Работа в НИИ не доставляла Геннадию Павловичу с его умом никаких сложностей; были похвалы, было немало поощрений, однако он и в лучшие дни не притворялся и отношения не скрывал: он считал работу свою делом незначительным. Но пришел возраст с признаками раннего старения, и Геннадий Павлович уже не устраивал ни тех, кто когдато его хвалил, ни тех, кто сейчас был в его подчинении.

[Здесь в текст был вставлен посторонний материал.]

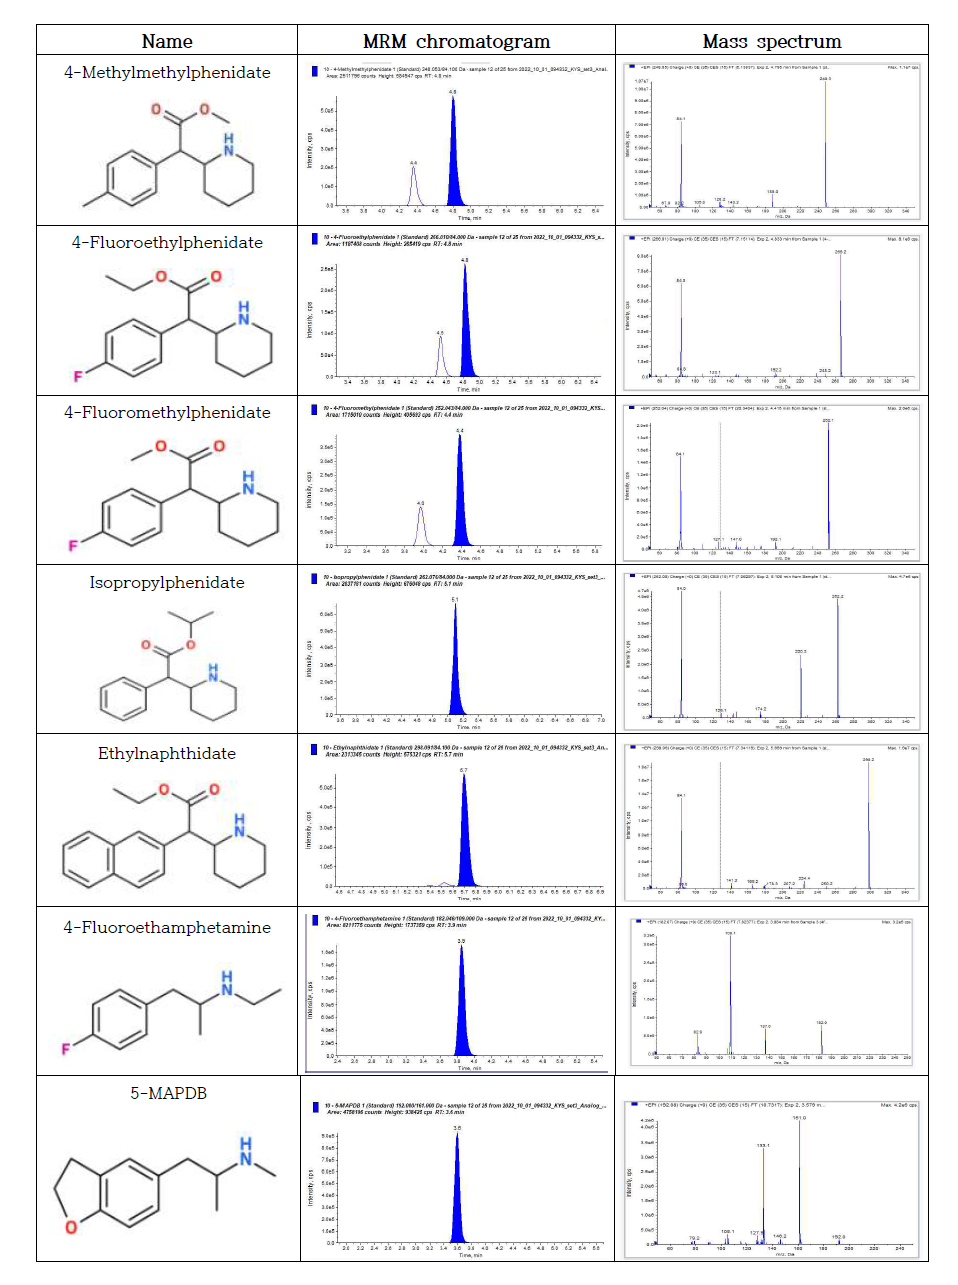 MRM transition and mass spectra for 18 phenylethylamine analogues and intern al standards(continued)

(Работа, в сущности, его уже мучит.)

Пауза.

Тот человек ушел, и вот Геннадий Павлович, хотя и вялый, хотя и после определенного служебного унижения, но делается вновь по возможности вальяжен, рассудителен. Я (ему не мешая) молчу. В эту возвратную минуту особенно видно, как потускнело былое великолепие духа. Его слова малоинтересны. Он повторяется. А одиночество и даже потеря бумаги вдруг ставятся опять в вину мне. Нет, не персонально мне, а мне вообще, мне как человеку вполне семейному, вполне работающему, вполне поладившему с жизнью, и всякие тут другие вполне, вполне, вполне, которых на деле у меня, быть может, и нету но и оспорить которые я не могу, иначе он будет думать, что к тому же /я отнимаю у него и последнее – право быть обиженным. Когда душа жалуется, дух живет. Разумеется, Геннадий Павлович достаточно умен, и, разумеется, обвиняет он, изысканно и в меру обобщенно, его окружающих. Но ведь этих окружающих нет: никого нет. Есть только я, раз в полгода к нему приходящий, более или менее случайный человек и случайный приятель – просто сосед по человечеству, как выразился он однажды.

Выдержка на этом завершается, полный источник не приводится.